The `execute` function receives a context object with execution metadata:

```typescript theme={"system"}
const longProcess = createTool({
  name: "long_process",
  description: "Process data in batches.",
  inputSchema: z.object({}),
  async execute(_input, context) {
    console.log(`Agent: ${context.agentId}, Iteration: ${context.iteration}`)

    for (const batch of batches) {
      if (context.signal?.aborted) {
        return { status: "cancelled", processed: count }
      }
      await processBatch(batch)
    }

    return { status: "complete" }
  },
})
```

## Error Handling

Return errors as structured data rather than throwing:

```typescript theme={"system"}
const apiTool = createTool({
  name: "call_api",
  description: "Make an authenticated API call.",
  inputSchema: z.object({
    endpoint: z.string().describe("API endpoint path"),
  }),
  async execute(input) {
    try {
      const response = await fetch(`https://api.example.com${input.endpoint}`, {
        headers: { Authorization: `Bearer ${process.env.API_TOKEN}` },
      })

      if (!response.ok) {
        return {
          output: { error: `API returned ${response.status}` },
          isError: true,
        }
      }

      return await response.json()
    } catch (err) {
      return {
        output: { error: `Network error: ${(err as Error).message}` },
        isError: true,
      }
    }
  },
})
```

When a tool returns an error, the agent sees it and can adjust its approach.
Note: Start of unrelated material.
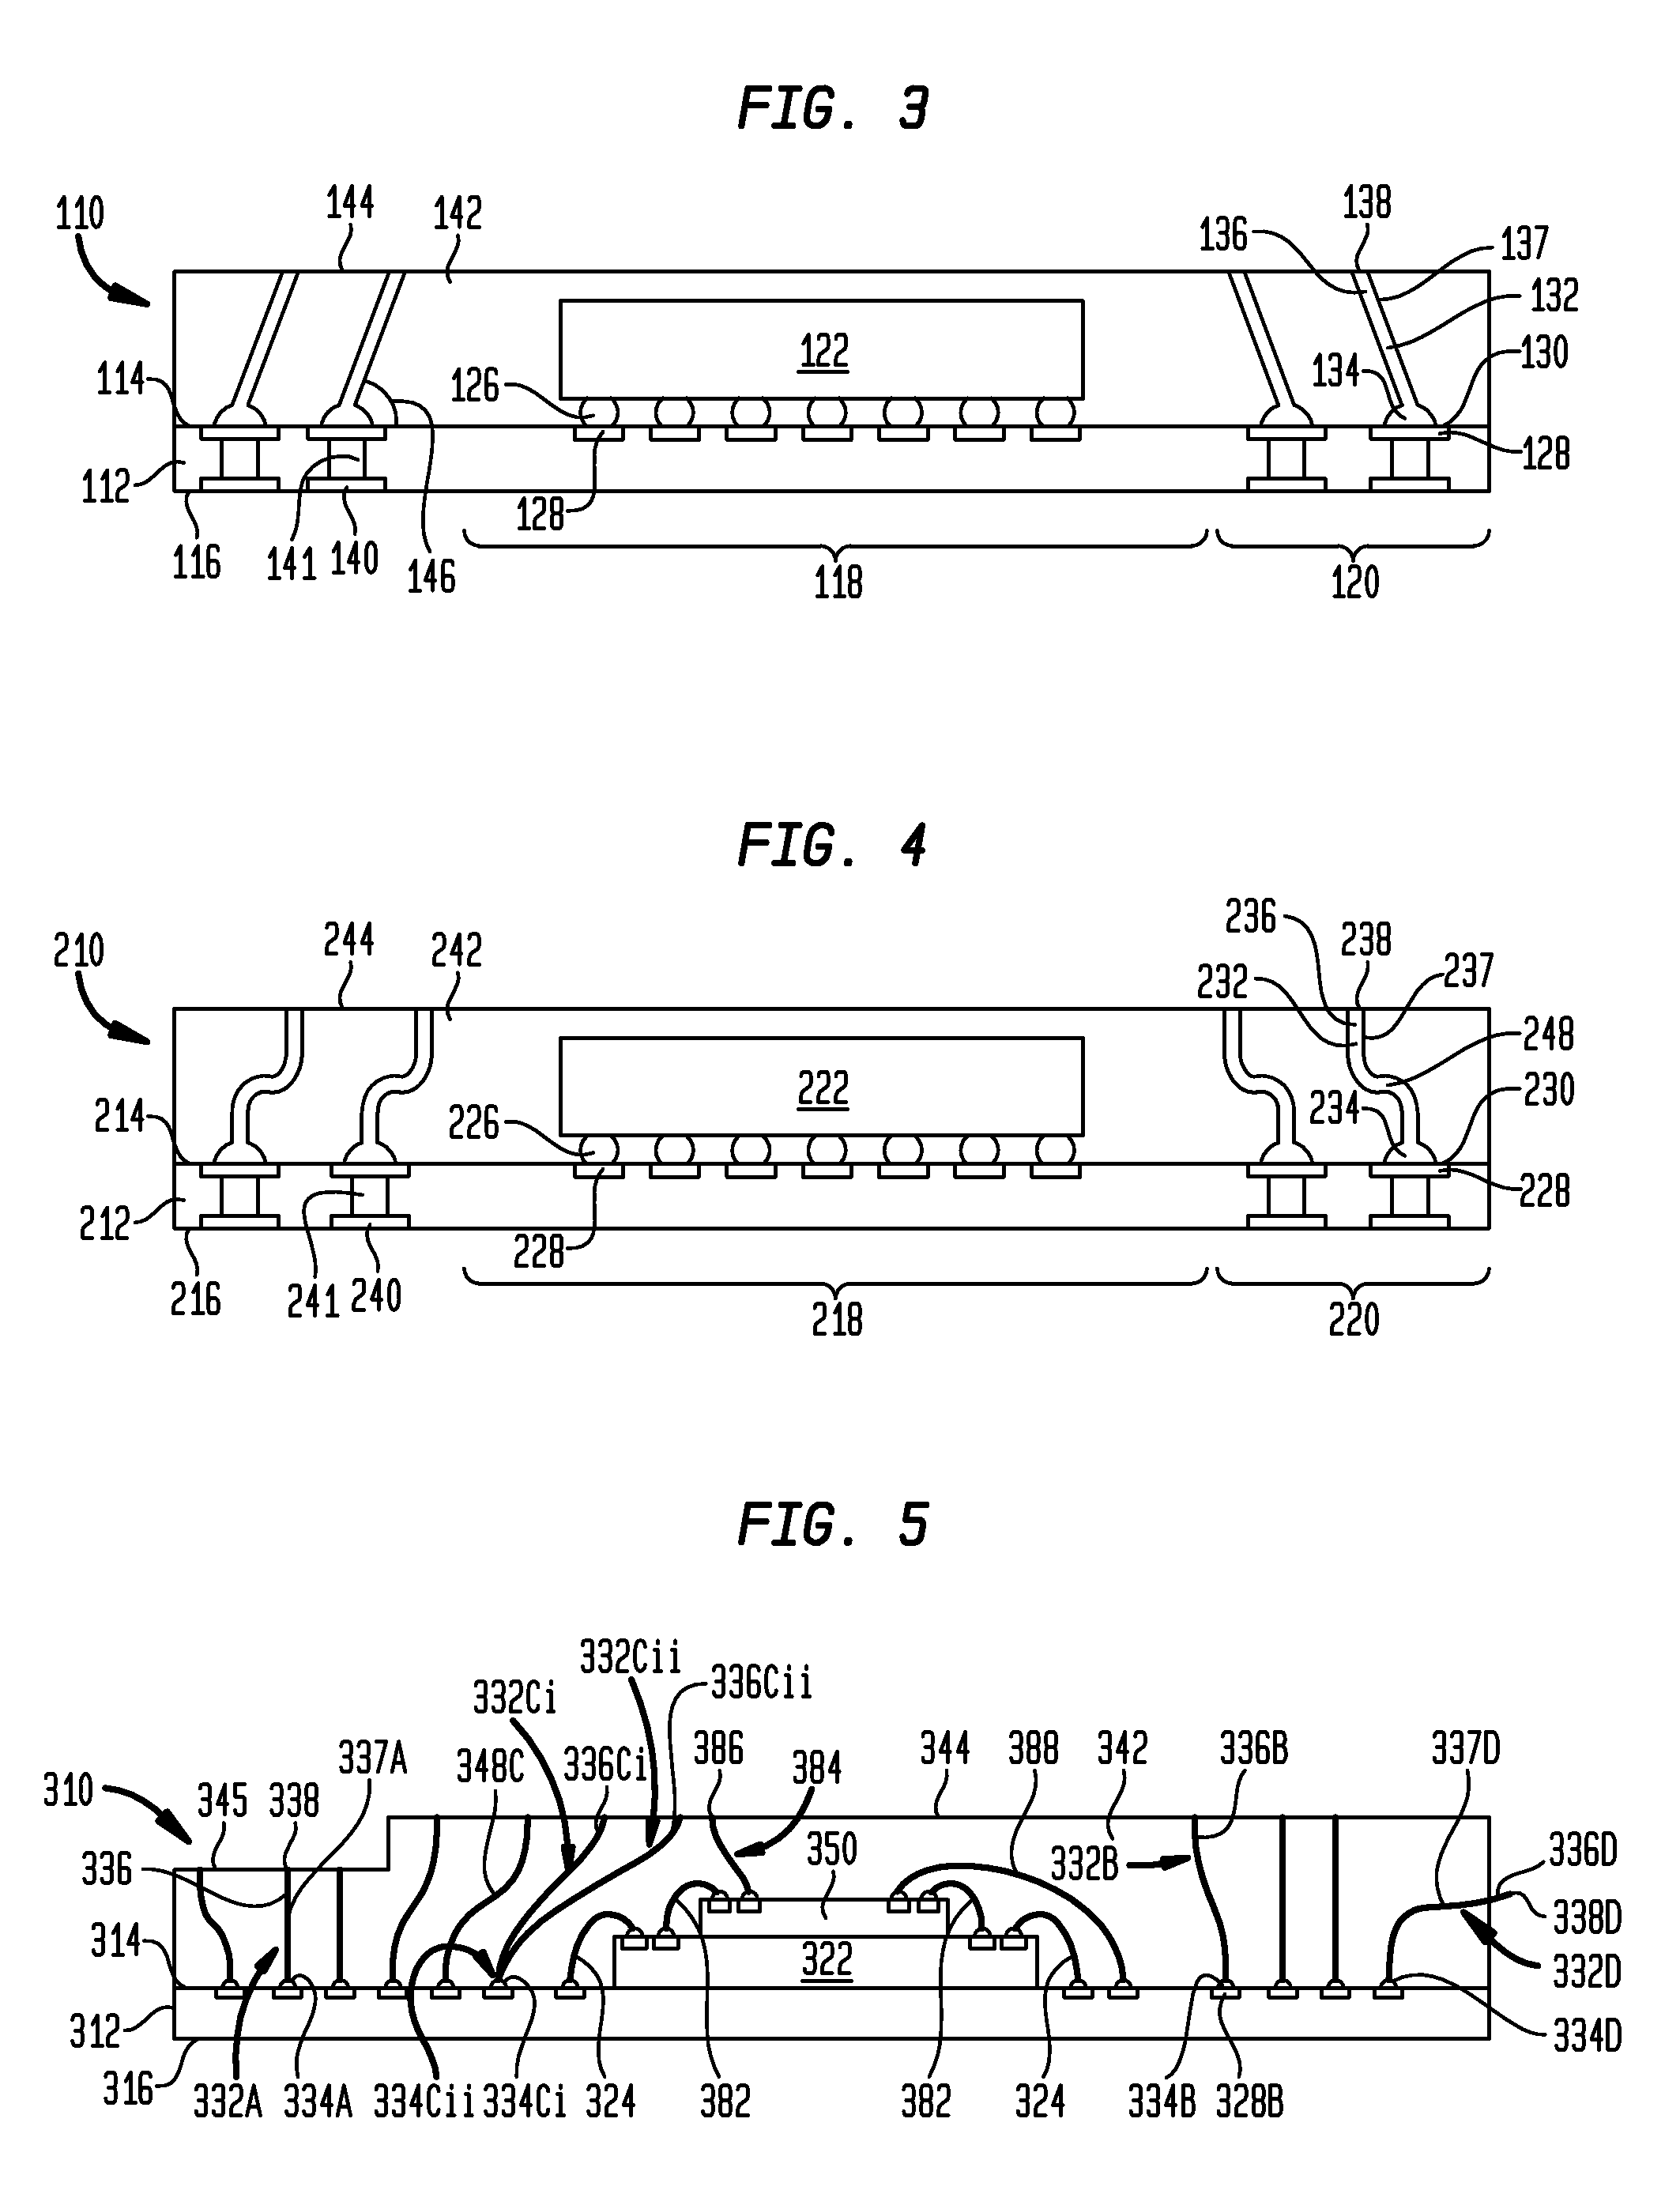 Package-on-package assembly with wire bonds to encapsulation surface
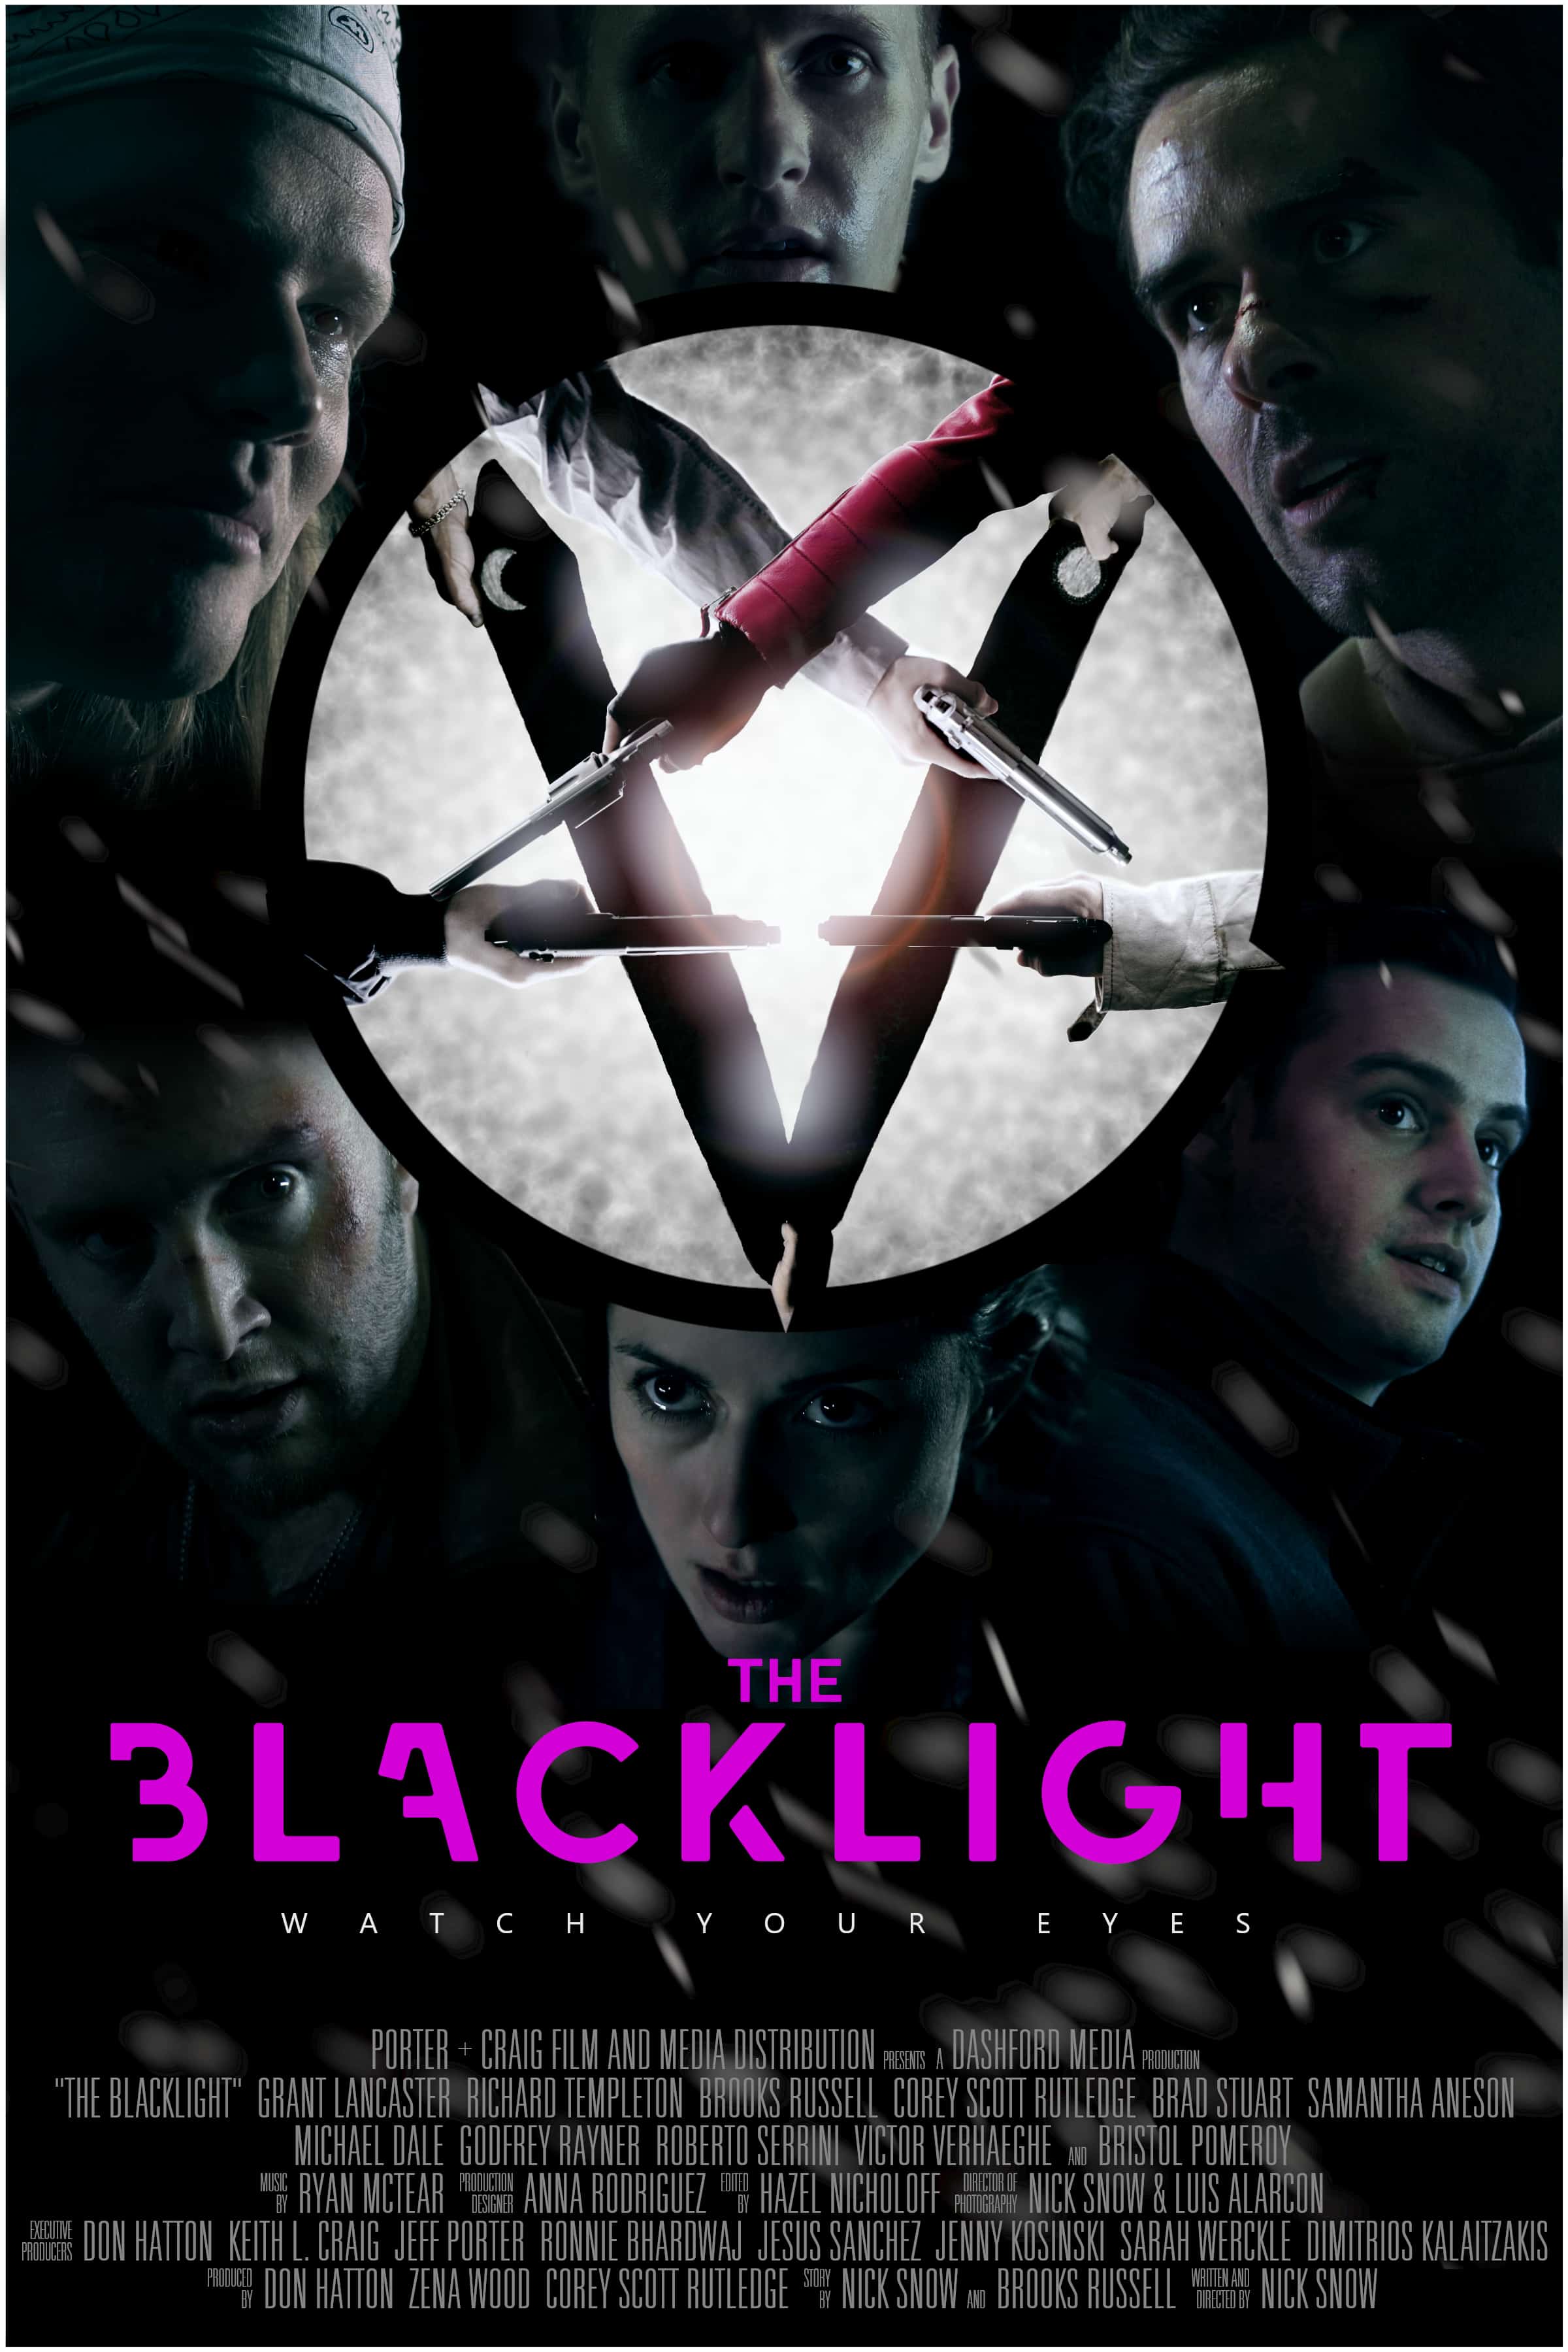 Introducing "The Blacklight": A Supernatural Thriller by Dashford Media and Director Nick Snow 23

When a tool throws, it counts as a "mistake" and increments the consecutive mistake counter.

## Completion Tools

Mark a tool with `lifecycle: { completesRun: true }` to make it end the agent loop when called successfully:

```typescript theme={"system"}
const submitResult = createTool({
  name: "submit_result",
  description: "Submit the final result and end the run.",
  inputSchema: z.object({
    summary: z.string(),
    approve: z.boolean(),
  }),
  lifecycle: { completesRun: true },
  async execute(input) {
    return JSON.stringify(input)
  },
})
```

See the [code-review-bot example](https://github.com/cline/cline/tree/main/apps/examples/code-review-bot) for this pattern in a complete application.

## Testing Tools

Test your tools in isolation before giving them to an agent:

```typescript theme={"system"}
import { describe, it, expect } from "vitest"

describe("get_current_time", () => {
  it("returns ISO timestamp", async () => {
    const result = await getCurrentTime.execute(
      { timezone: "UTC" },
      {
        agentId: "test",
        runId: "run_test",
        iteration: 1,
        toolCallId: "tool_test",
        snapshot: {} as never,
        emitUpdate: () => {},
      }
    )

    expect(result.iso).toMatch(/^\d{4}-\d{2}-\d{2}T/)
  })
})
```

## Registering Tools

<Tabs>
  <Tab title="Cline Core">
    ```typescript theme={"system"}
    await cline.start({
      prompt: "Get the current time",
      config: {
        // ...
        extraTools: [getCurrentTime],
      },
    })
    ```
  </Tab>

  <Tab title="Agent">
    ```typescript theme={"system"}
    const agent = new Agent({
      tools: [searchDatabase, getCurrentTime],
      // ...
    })
    ```
  </Tab>

  <Tab title="Via Plugin">
    ```typescript theme={"system"}
    const myPlugin: AgentPlugin = {
      name: "my-tools",
      manifest: { capabilities: ["tools"] },
      setup(api) {
        api.registerTool(searchDatabase)
        api.registerTool(getCurrentTime)
      },
    }
    ```
  </Tab>
</Tabs>

## Tool Design Rules

Good tools are specific and predictable.

* Use action-oriented names: `get_pull_request`, `search_database`, `deploy_service`.
* Describe what the tool does, when to use it, and what it returns.
* Put constraints in the description: rate limits, read-only behavior, required permissions.
* Add descriptions for every input property.
* Return structured JSON instead of prose when possible.
* Respect `context.abortSignal` in long-running tools.